"Catholic School Girls Rule" is a song from the 1985 album Freaky Styley by The Red Hot Chili Peppers. Although never released as a proper radio single, a music video for the song was made and was directed by longtime friend, Dick Rude. The video was only played on Playboy TV because of a nude scene, and because it also featured a controversial scene of Kiedis singing from on a cross. The song was also featured on the band's 1992 compilation album, What Hits!? and the music video can be found on the VHS/DVD of the same name.

Background
The song is inspired by an instance where a 14-year-old girl who attended a local Catholic school met singer Anthony Kiedis backstage, who slept with her while on tour before and after discovering her age. The song's chorus features a guitar riff identical to that of the song "Thirsty and Miserable" by Black Flag.

Live performances  
"Catholic School Girls Rule" was performed regularly on the Freaky Styley Tour.

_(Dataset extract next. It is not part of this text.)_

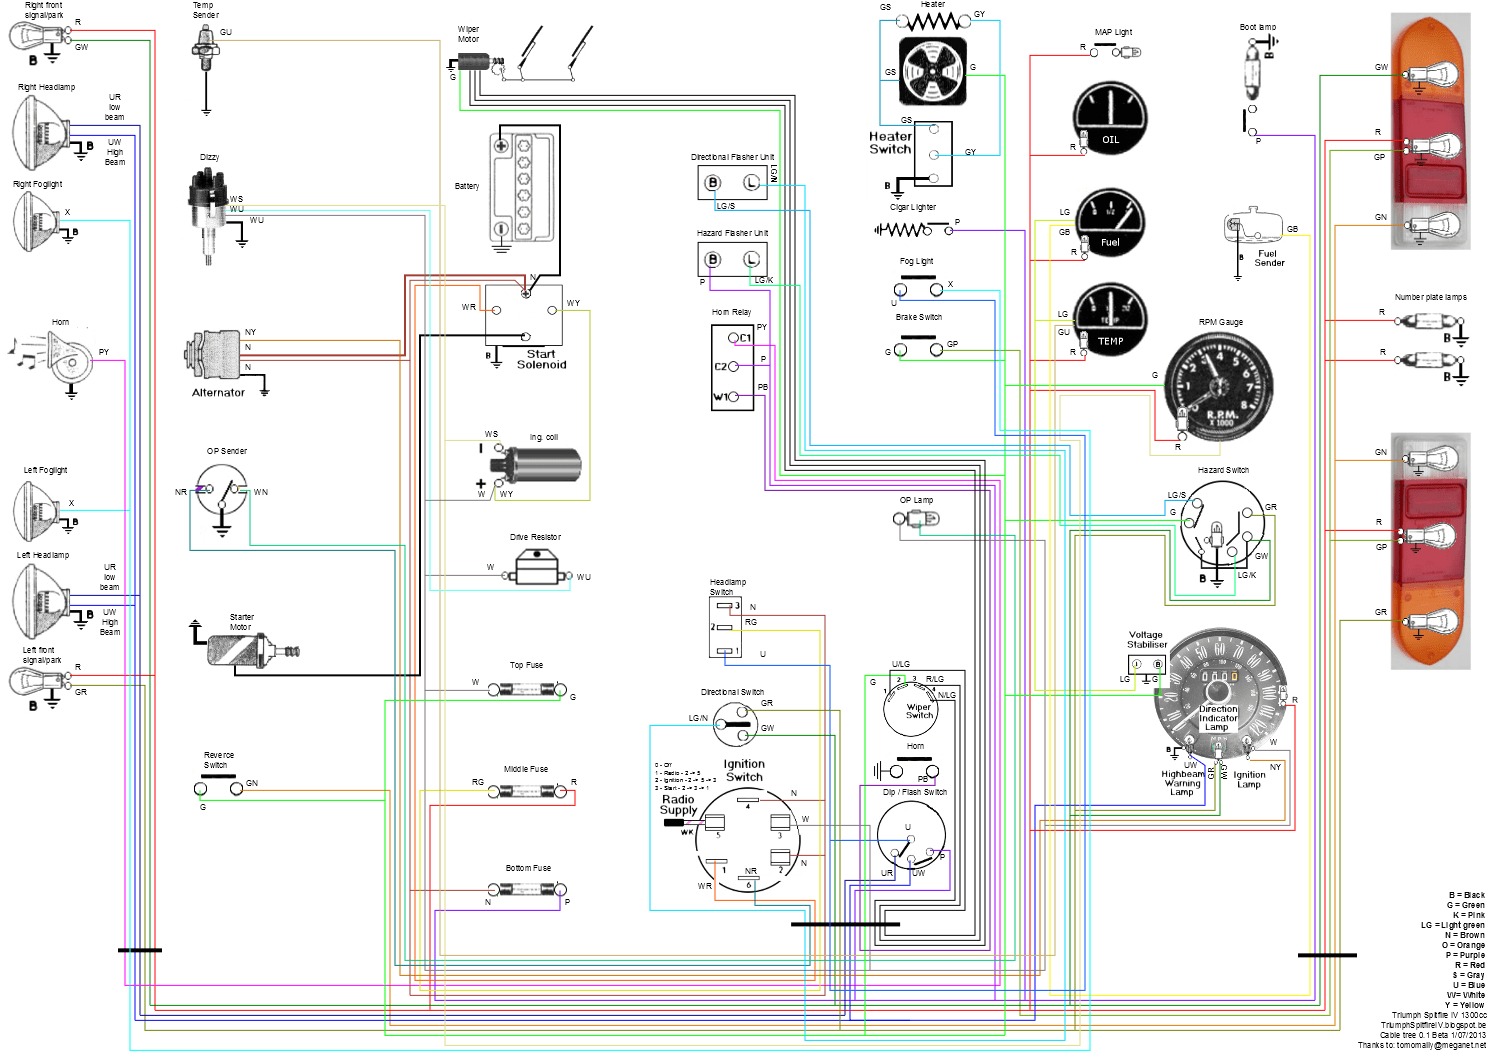 1976 triumph tr6 wiring diagram auto diagram database 76 triumph tr6 wiring diagram

Following that tour, it was not performed until a one-off performance on the Blood Sugar Sex Magik Tour. The song was not performed again until the Stadium Arcadium World Tour. It has not been performed since then, but it was teased in 2016 on The Getaway World Tour.

References

Notes

Red Hot Chili Peppers songs
1985 singles
Songs written by Anthony Kiedis
Songs written by Flea (musician)
1985 songs
Songs written by Cliff Martinez
Music video controversies
Songs written by Jack Sherman (guitarist)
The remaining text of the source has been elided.